If you feel that this behavior is not what you want, and you just want to treat y as the initial consonant, you can specify strict=False , which may meet your expectations:

 > >> from pypinyin import Style , pinyin
> >> pinyin ( '下雨天' , style = Style . INITIALS )
[[ 'x' ], [ '' ], [ 't' ]]
> >> pinyin ( '下雨天' , style = Style . INITIALS , strict = False )
[[ 'x' ], [ 'y' ], [ 't' ]]

See the effects of the strict parameter for details.

Is there a pinyin that has neither initials nor finals?

Yes, in strict=True mode, there are very few pinyin that have neither initial consonants nor finals. For example, the following pinyin (from the Chinese characters嗯,呒,呣,唔):

 ń ńg ňg ǹg ň ǹ m̄ ḿ m̀

It is particularly important to note that all pinyin for嗯has neither initial consonants nor finals, and the default pinyin for呣has neither initial consonants nor finals. See #109 #259 #284 for details.

How to convert one style of pinyin to another style of pinyin?
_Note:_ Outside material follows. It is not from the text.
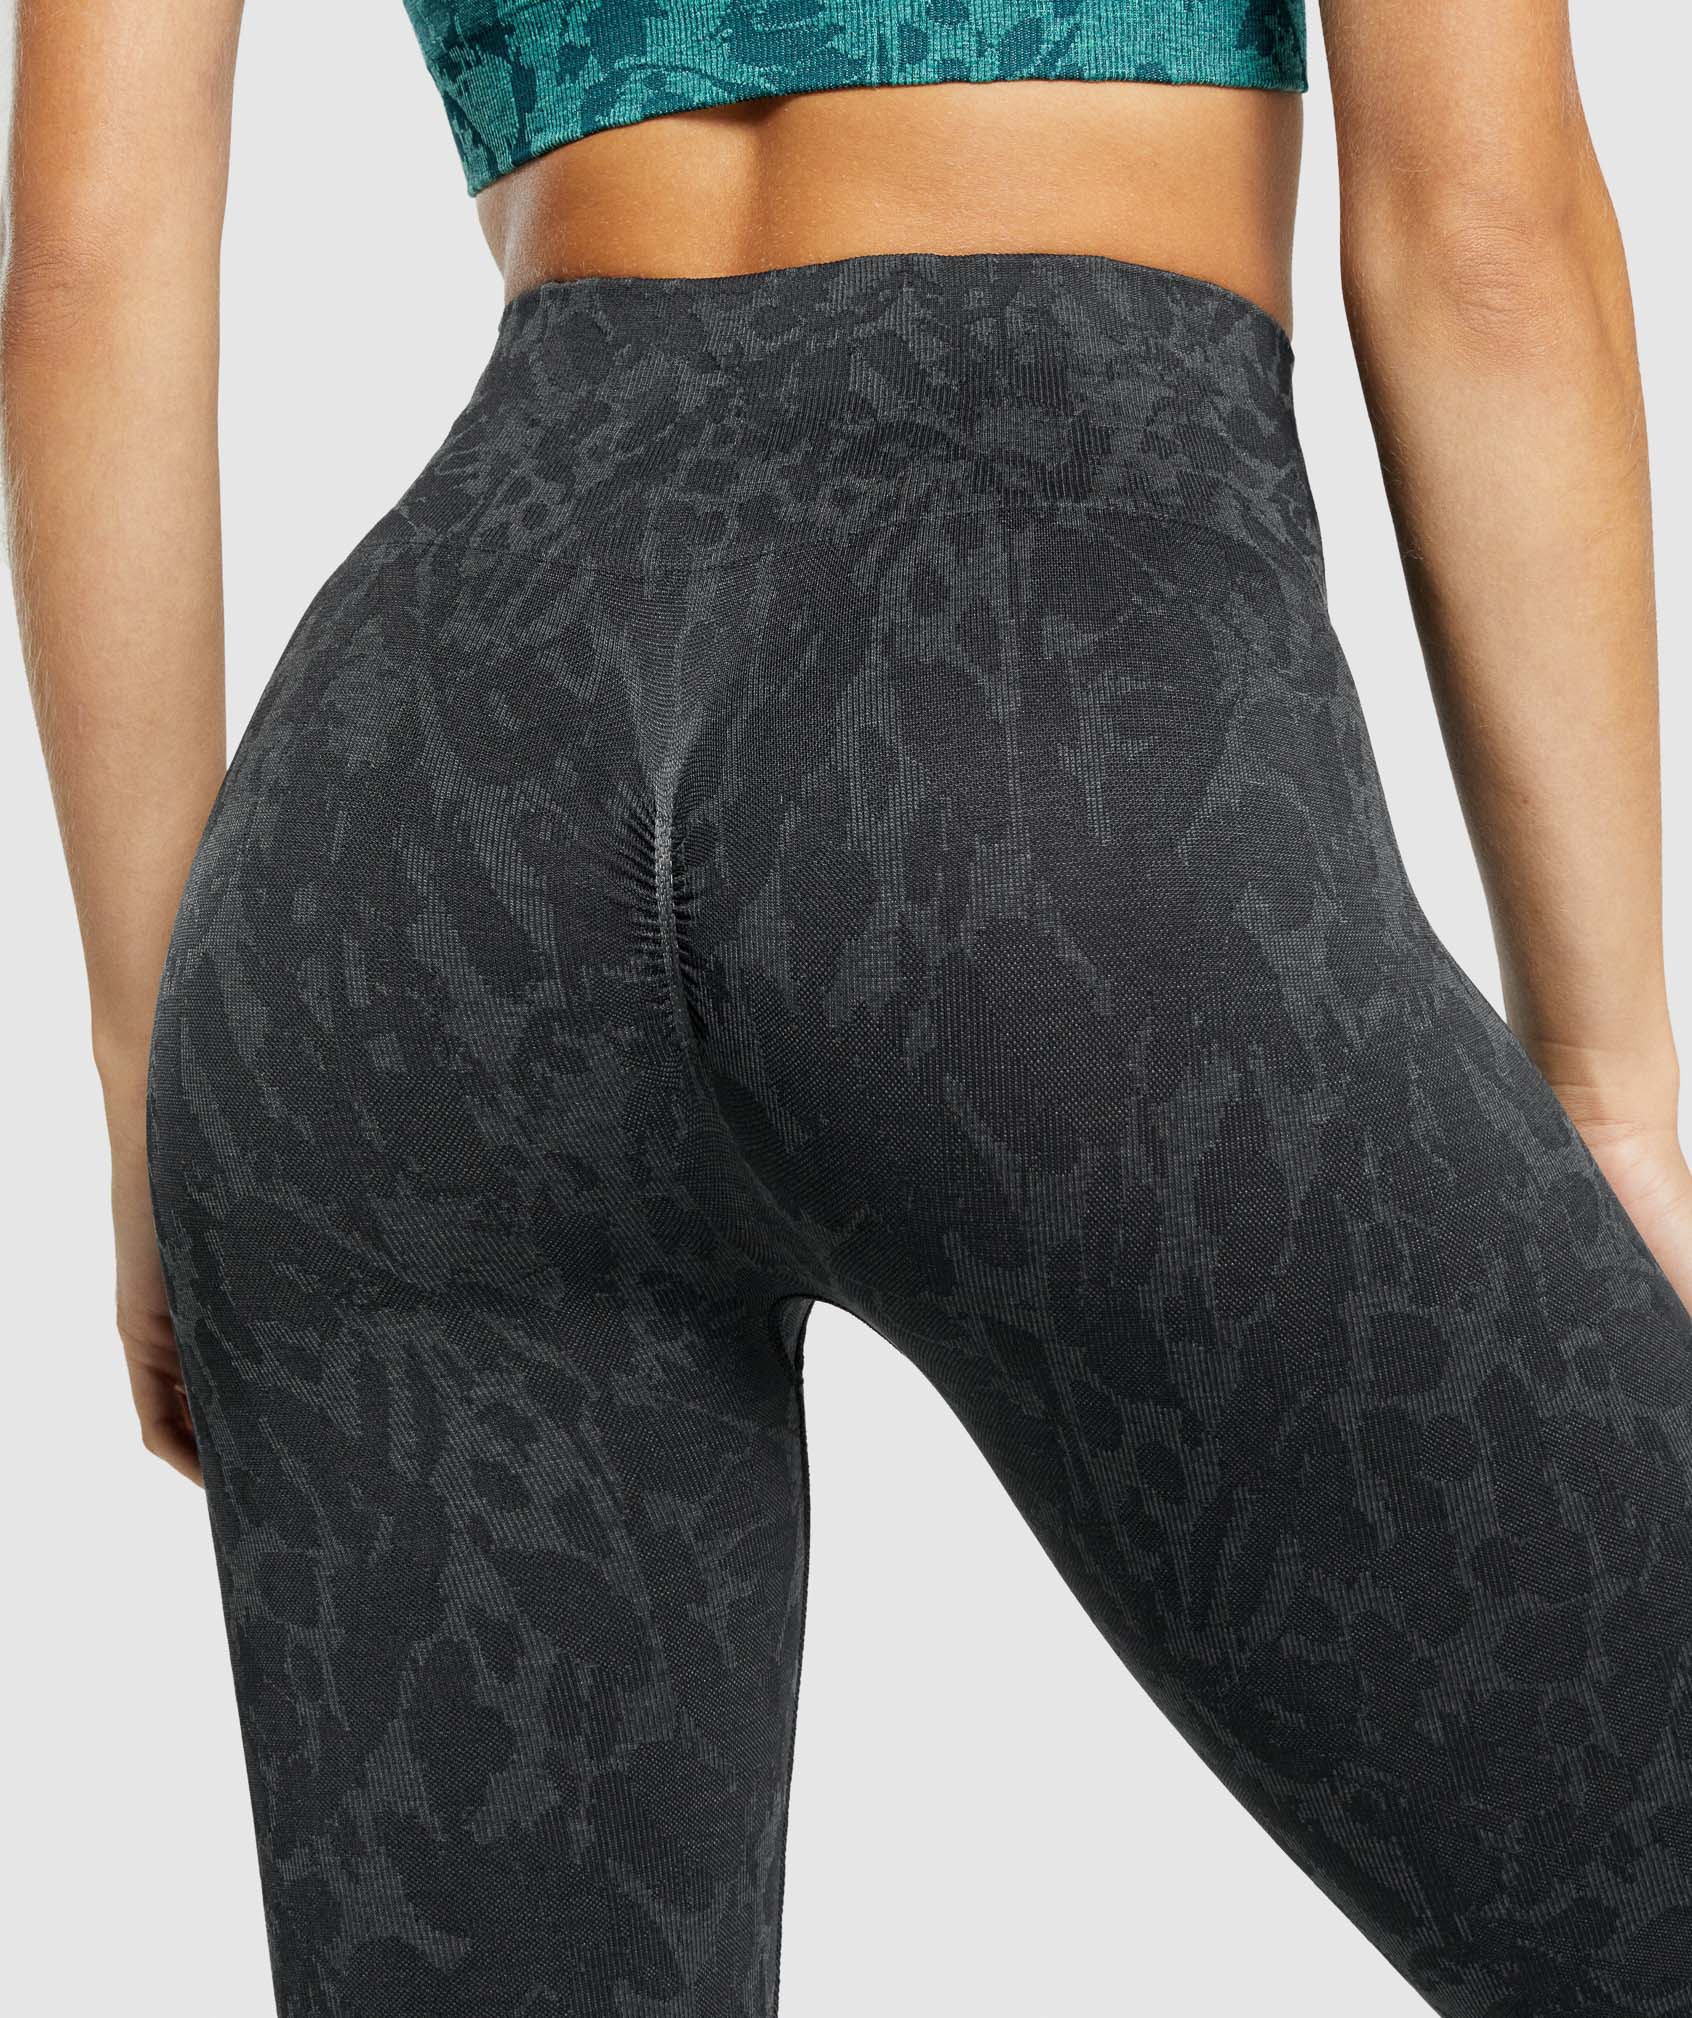 Gymshark Adapt Animal Black Butterfly Seamless Legging's Size Extra Small
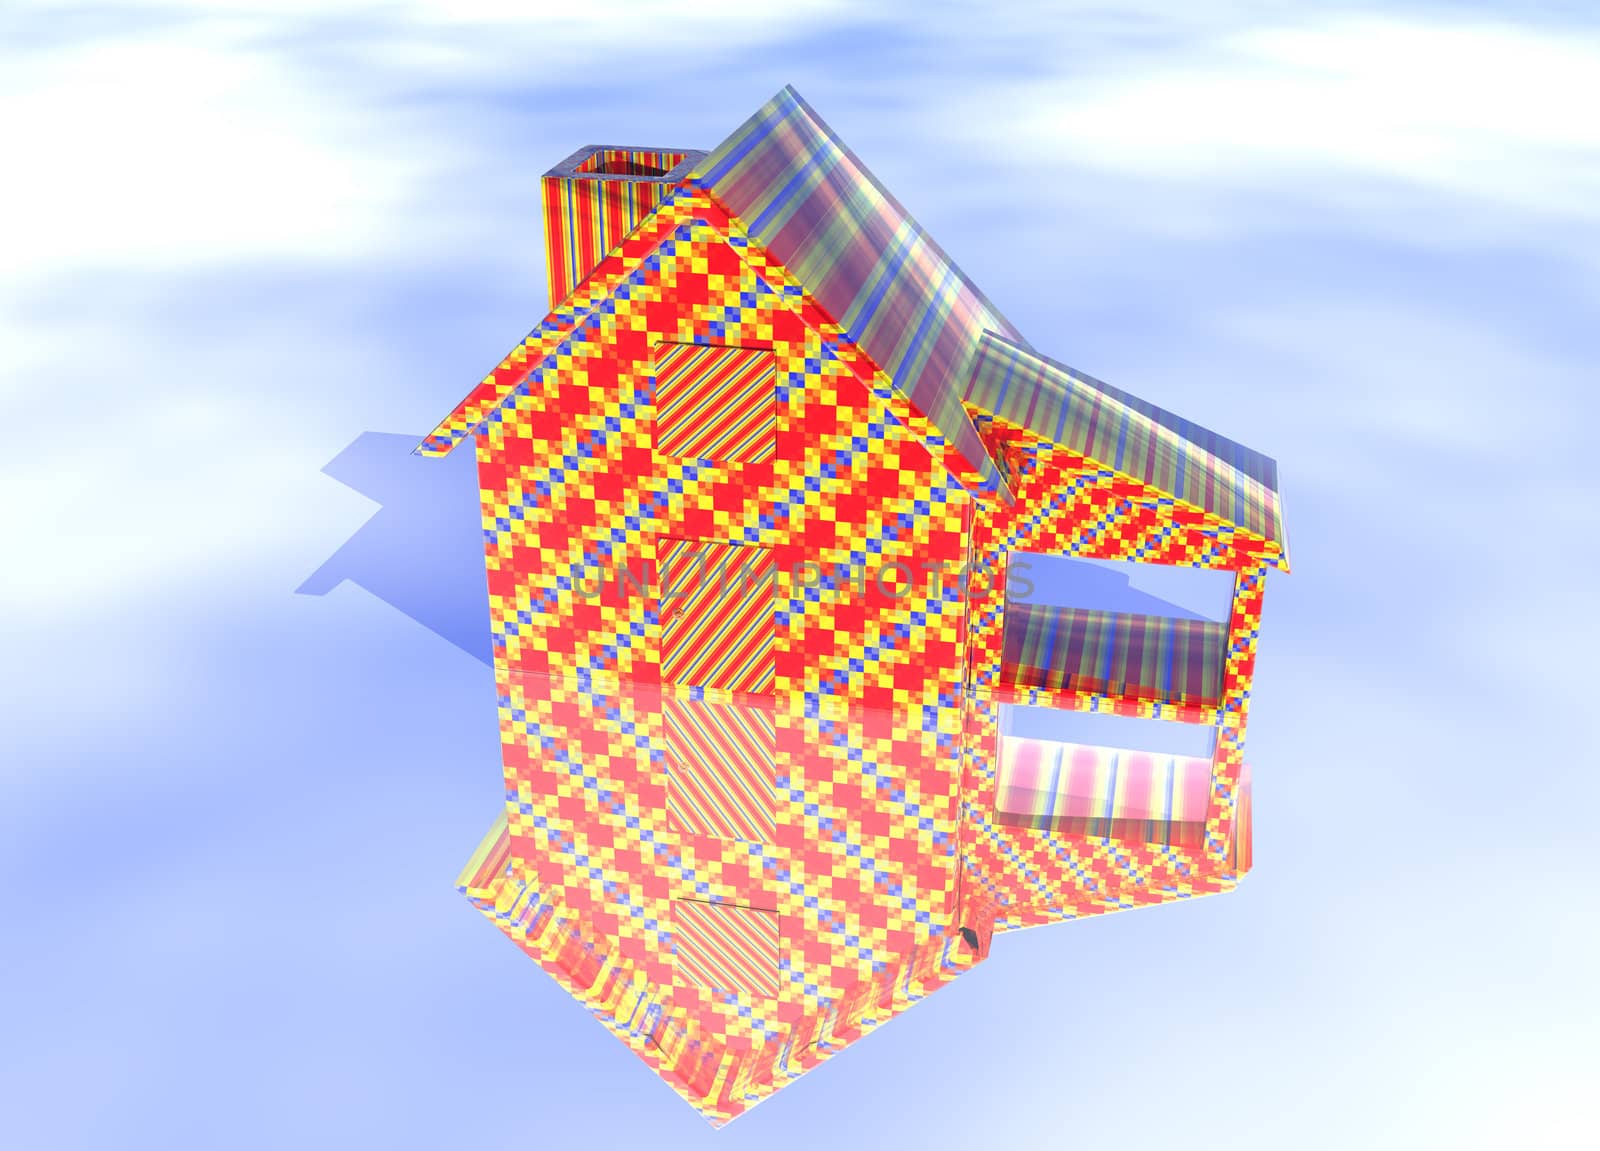 Abstract Christmas Gift Wrapped House by bobbigmac

You can use the auxiliary function provided by the pypinyin.contrib.tone_convert module to convert standard pinyin to obtain different styles of pinyin. For example, convert zhōng to zhong , or obtain initial consonant or final consonant data in Pinyin:

 > >> from pypinyin . contrib . tone_convert import to_normal , to_tone , to_initials , to_finals
> >> to_normal ( 'zhōng' )
'zhong'
> >> to_tone ( 'zhong1' )
'zhōng'
> >> to_initials ( 'zhōng' )
'zh'
> >> to_finals ( 'zhōng' )
'ong'

For more auxiliary functions for pinyin conversion, please see the documentation of the pypinyin.contrib.tone_convert module.

How to reduce memory usage?

If you don't particularly care about the accuracy of Pinyin, you can save memory by setting the environment variables PYPINYIN_NO_PHRASES and PYPINYIN_NO_DICT_COPY . See documentation for details

For more FAQ details, see the FAQ section of the documentation.